Жил я в Париже, но, не завяжись случайно родственная связь между моей семьей и одним французским семейством, мне бы никогда не познакомиться с приватной, домашней жизнью французов. Зато проникнуть в дом к русским — проще простого.

После десятиминутного разговора расстаешься с новыми знакомцами, заверяющими тебя, что сделаешь их навек несчастными, если на другой день не придешь отужинать в кругу семьи. А то и вовсе сразу же норовят затащить тебя к себе домой, чтобы познакомить с женой и детишками. Одного такого приглашения достаточно, чтобы навсегда войти в круговорот приятельства, дружеских пересудов, доверительных сообщений — всего того, что принято называть «светской жизнью». Прочие гости, с которыми знакомишься за столом у пригласившего первым хозяина, передают тебя из рук в руки. Неделю спустя кто-то энергично набрасывается на тебя на улице, обращаясь по имени-отчеству, и призывает к ответу из-за какой-то неверно понятой фразы; через две недели определяется круг лиц, которых предпочтительнее избегать, зато хозяйка дома по-родственному вызывает тебя на кухню помочь ей вытирать посуду. Ассимилирующая сила русских невероятно велика. В Сибири, которая бог весть во сколько крат превышает по площади Европу, изначально не было ни одного русского. Достаточно было двух-трех столетий, чтобы всю ее освоить и русифицировать все города. Я убежден, что заслуга в том не армии и даже не национальной политики, но в разговорчивости губернаторш, капитанских жен, ссыльных барышень-революционерок, против которых не устоять было даже самому нелюдимому бурятскому охотнику. Не знаю, каким загадочным путем проникло от них в наш язык, правда несколько с другим смысловым оттенком, грубовато-разговорное слово «dumalni», — «болтать языком», но в умении этом русским не откажешь.

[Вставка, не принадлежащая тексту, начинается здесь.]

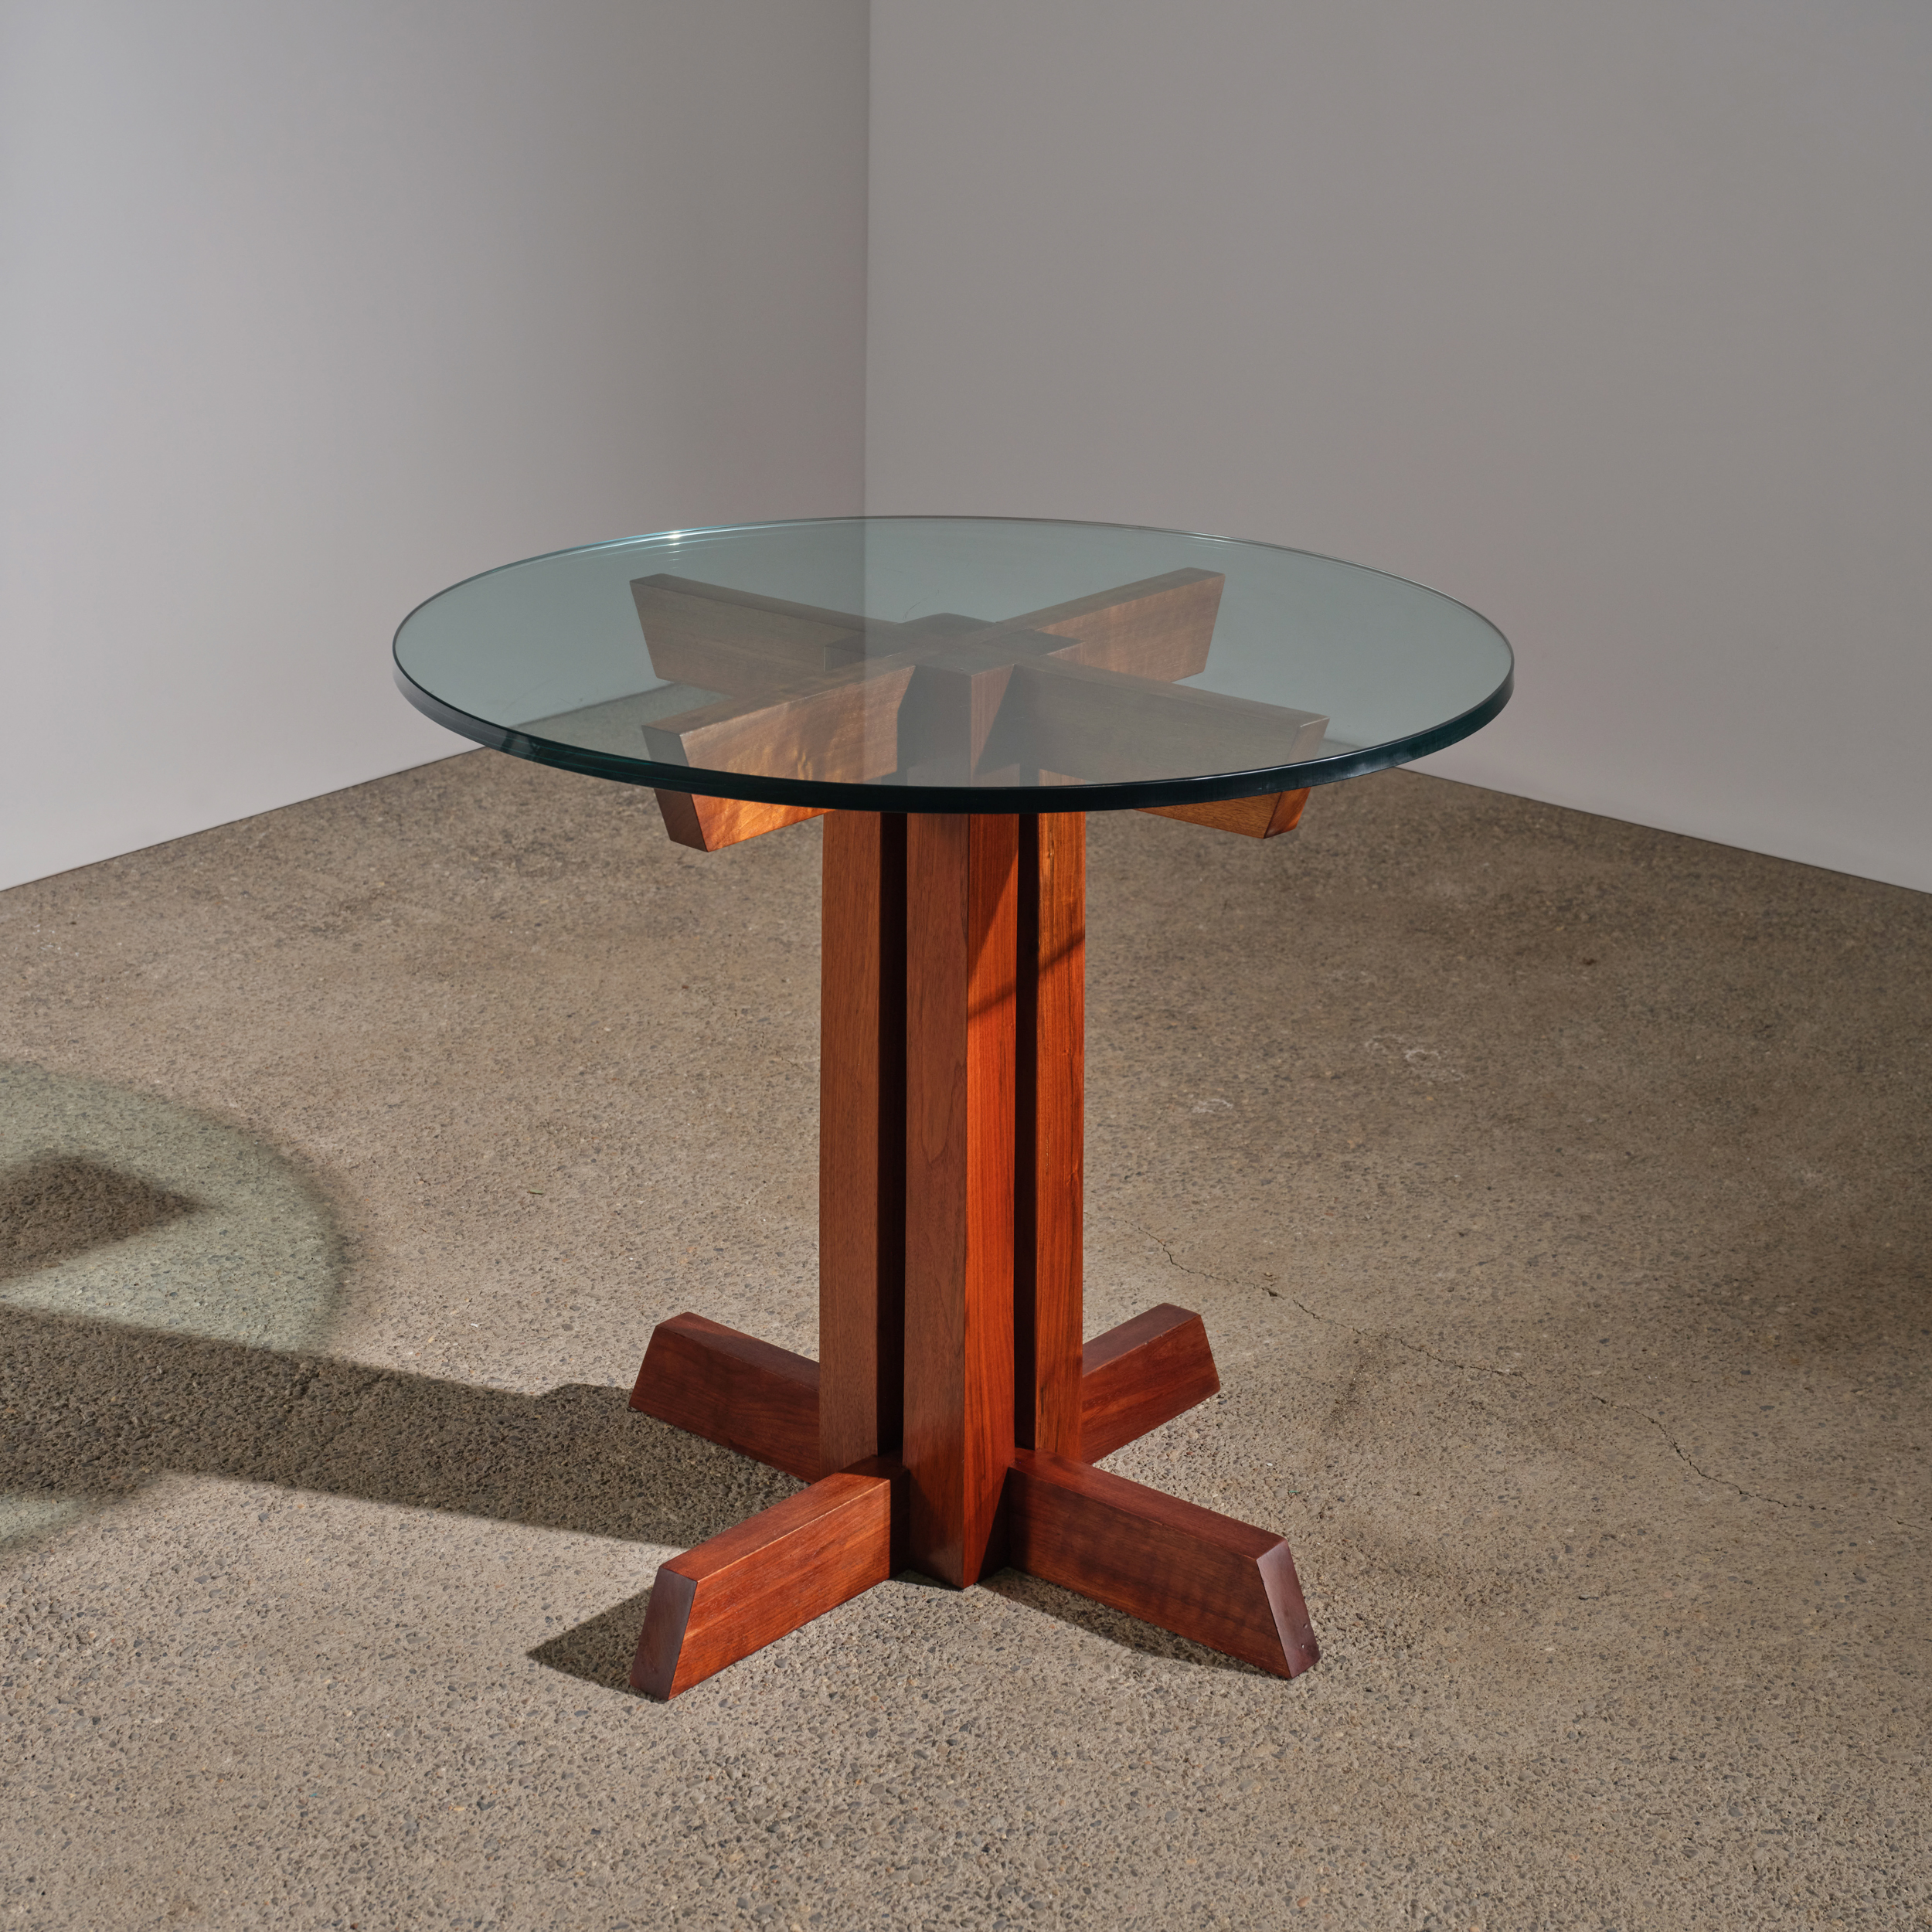 George Nakashima - Round Cluster-Base Table with Glass Top

Русские — нация дискуссий, но дискуссий организованных. Это вам не обмен мнениями где-нибудь в Венеции, когда семеро одновременно говорят, слушают и отвечают. Здесь при словопрениях говорит только один, а остальные терпеливо выжидают часа полтора, пока до них дойдет черед. Входишь в дом и по числу присутствующих заранее можешь определить, успеешь ли ты на последний трамвай. Ущербные языковые познания не спасут. Тебе попросту не верят, считая невероятным, чтобы ты не понимал столь ясной аргументации, какую тебе изложили, и втолковывают до тех пор, покуда ты и впрямь не уразумеешь. Из предупредительности сами готовы поставить вопрос и привести контрдоводы, с какими ты мог бы выступить, и сами же и ответят на этот вопрос... Жак Ривье, бывший в немецком плену в одном лагере с русскими солдатами, задолго до советской власти, еще в 1915 году подметил эту gout de soviet, склонность из-за одной пропавшей ложки еженедельно созывать общее собрание с секретарем, ведущим протокол, с вице-председателем, председателем и даже почетным председателем.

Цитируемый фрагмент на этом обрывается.